- ink on paper
John Steinbeck's detailed outline for the screen treatment of his 1933 novella The Red Pony. In August 1941 the contract for the screenplay of The Red Pony was signed with RKO. Lewis Milestone, who was to direct the film, was to help Steinbeck with the technical aspects of the screenplay. Steinbeck immediately began a synopsis in preparation for Milestone's arrival the next month in Monterey. He wrote, "I have mapped the whole thing out and think I can see a way to make it carry the dramatic load and one which might work" (quoted in Benson).

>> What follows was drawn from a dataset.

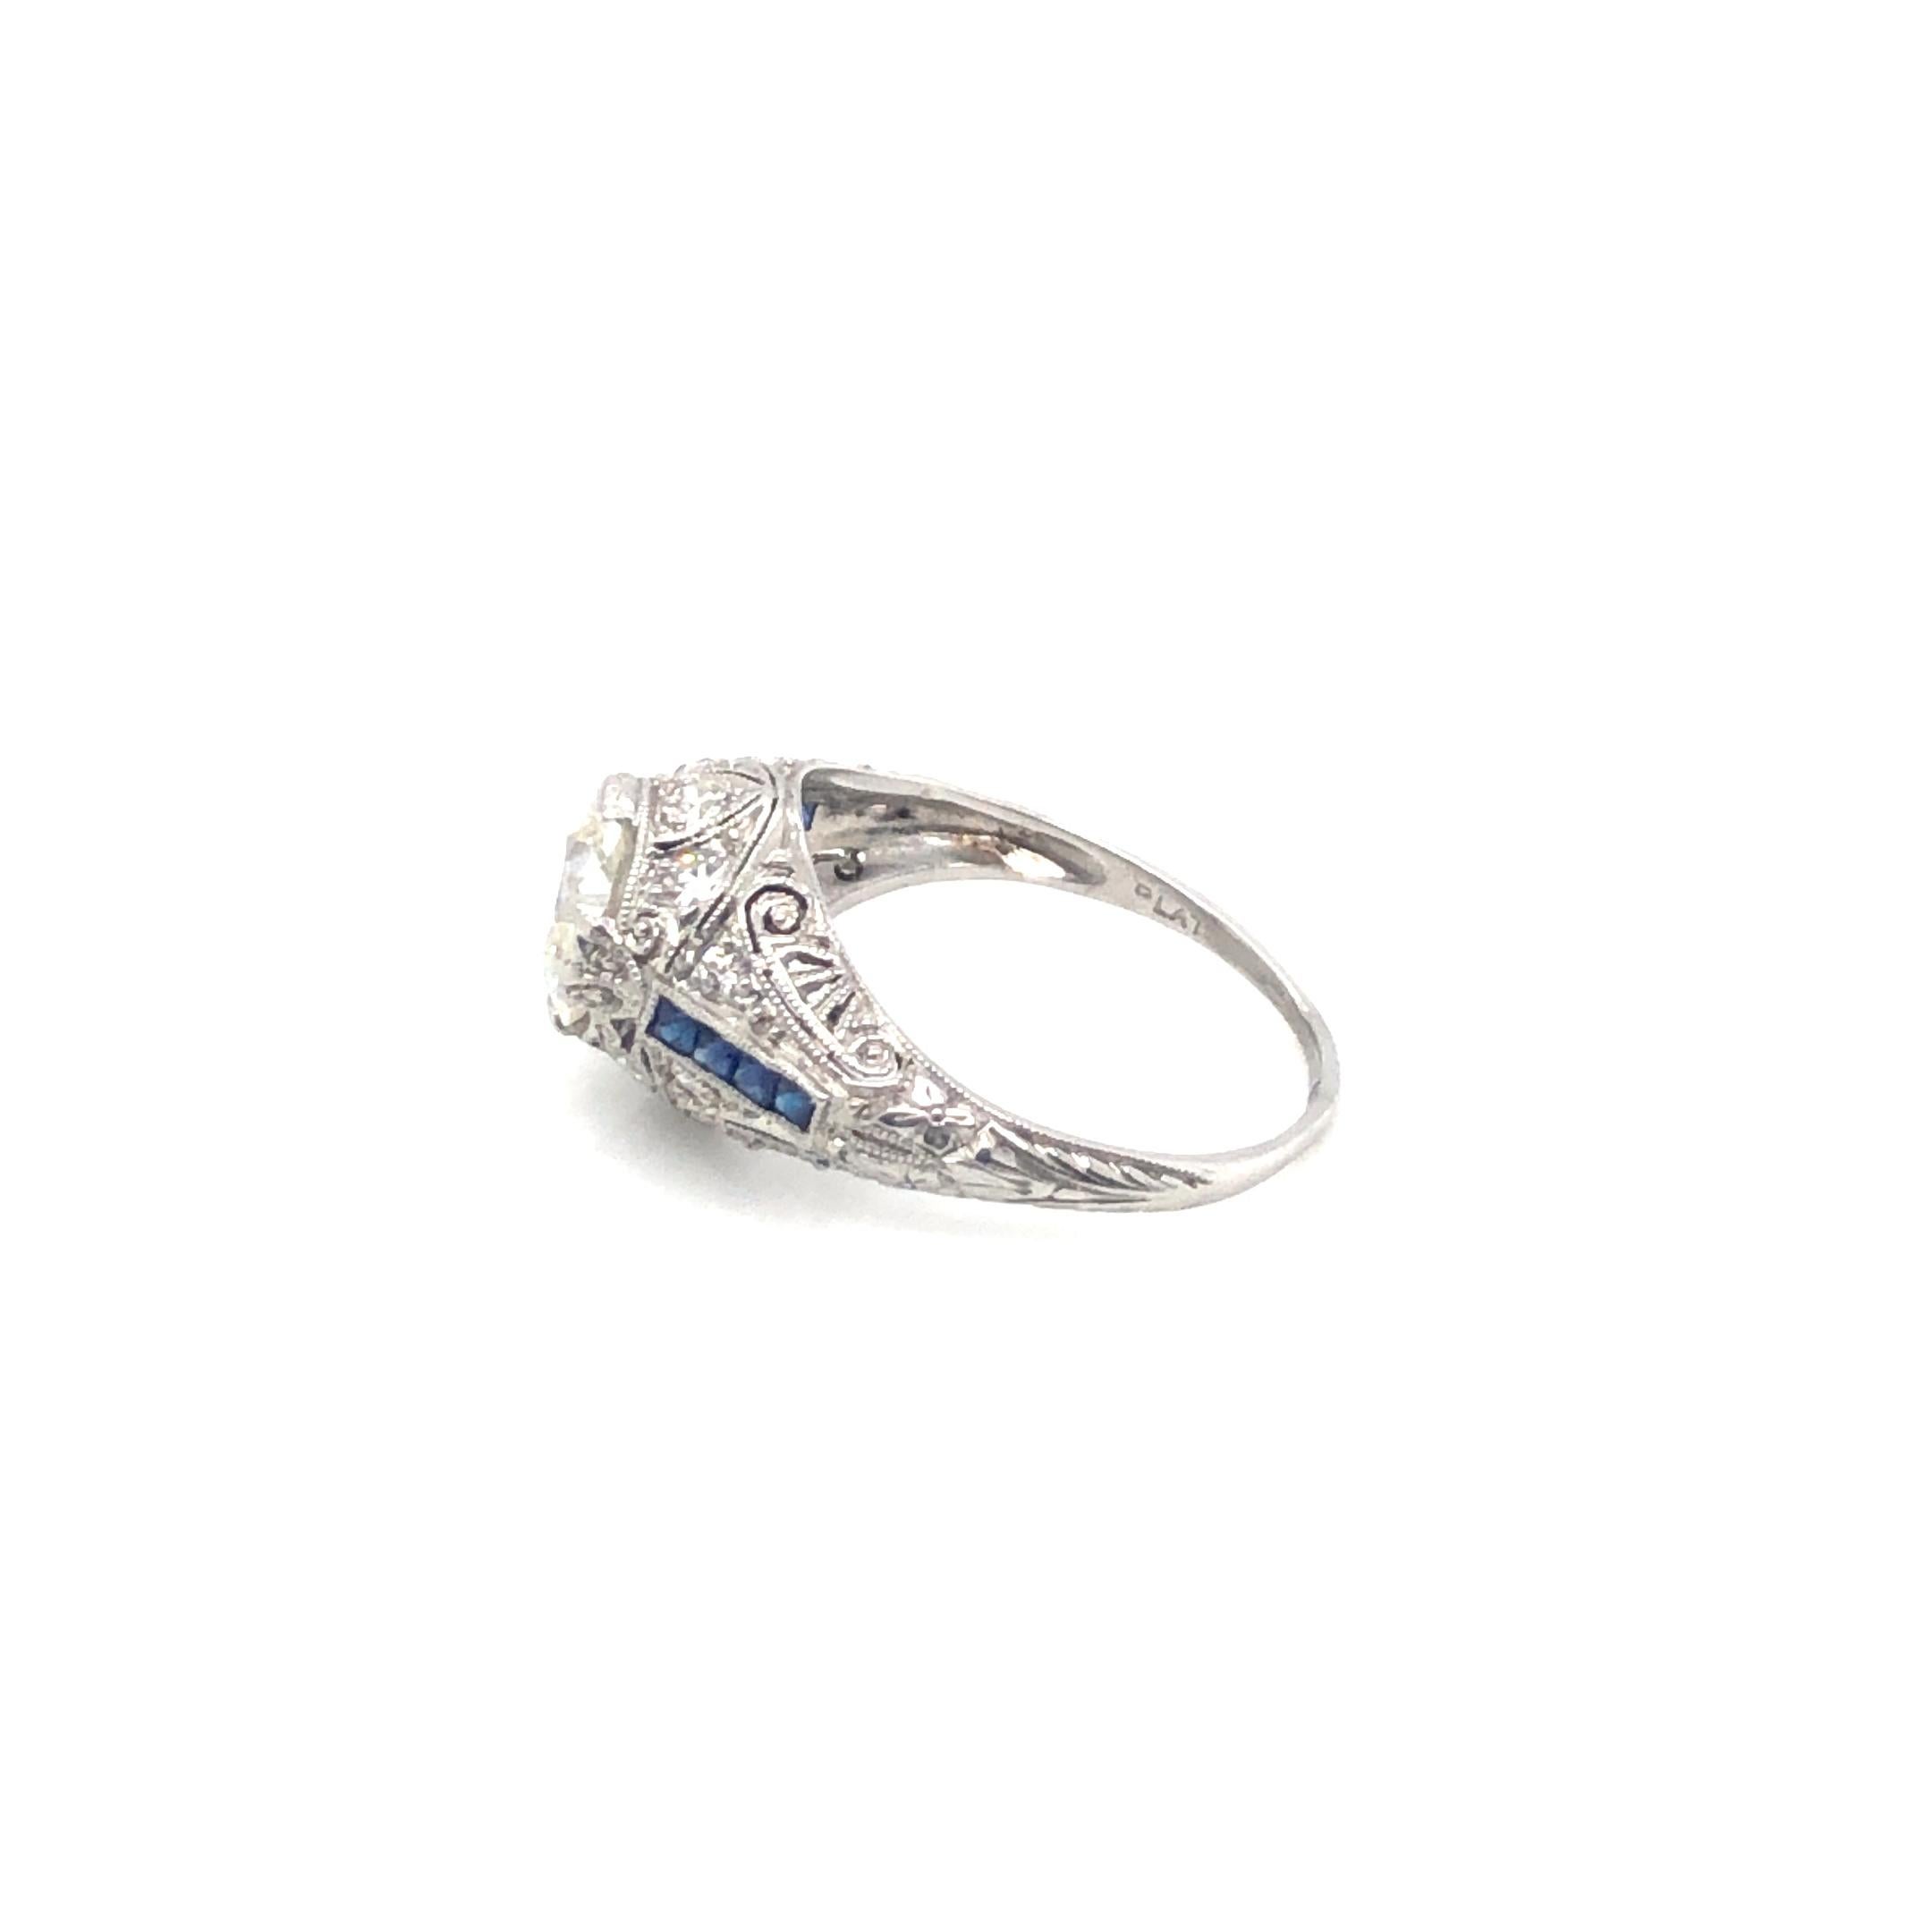 Platinum 1.35ct European Cut Diamond, 6 Sapphires 1.42ctw Art Deco Estate Ring, Size 6 Circa 1920s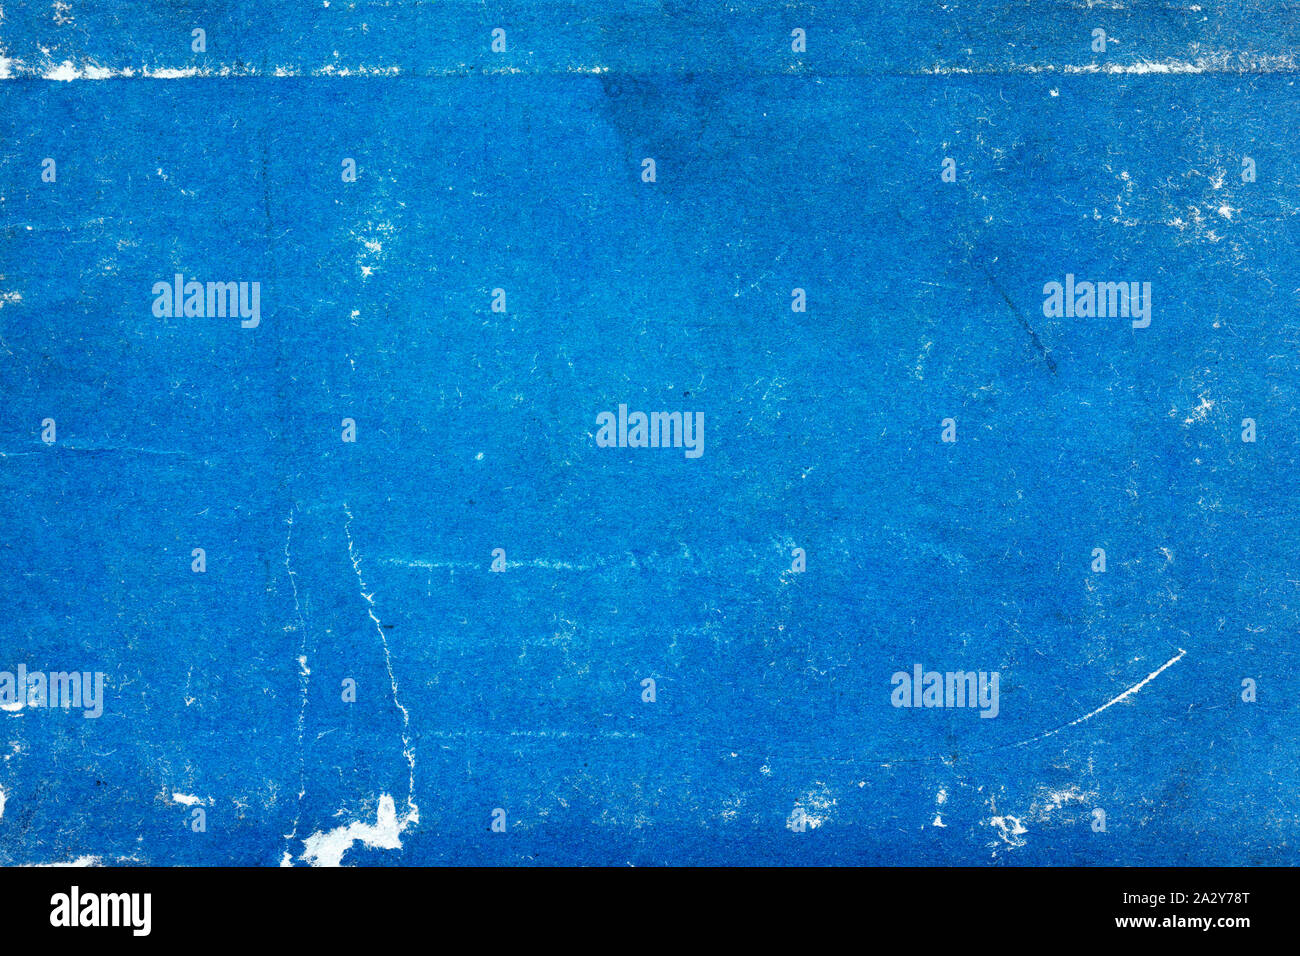 Vintage grunge texture papier détaillée bleu Banque D'Images

The synopsis includes Steinbeck's thoughts on combining the plot threads of the episodic novella, characterization, filming techniques, and other elements. He devotes a lengthy and revealing paragraph to the use of music in the film: "Now last is the music—This should be considered with great care. Since this picture deals largely in moods, in memories, both of which are to open up an audience and drive each one into his own past. It is suggested that the music be largely in a tone of revery and memory, that it be rich in melody, that it largely rely on cellos and soft instruments only now and then using the shrillness of fifes and the clear clean tones of flutes. It should have an almost dream like tone .... Some of Debussy has the quality I am thinking of. The music can help to make this picture memorable, in fact the music in some scenes can dominate the picture .... Music should be rich and simple and melodic even if modern composers do not like melody. This is a sentimental film openly and honestly sentimental." The score for the film was eventually written by Aaron Copeland and was considered highly effective.
The film was not made till the late 1940s. It was commercial and critical success, directed by Milestone, filmed in Technicolor, and starring Myrna Loy and Robert Mitchum.
There are no other entires in the ledger book, indicating that Steinbeck may have found it cumbersome. The front flyleaf is inscribed in pencil in a large scrawling hand, "To Howard Gossage with love, John Steinbeck" and dated in ink "6 March 1963".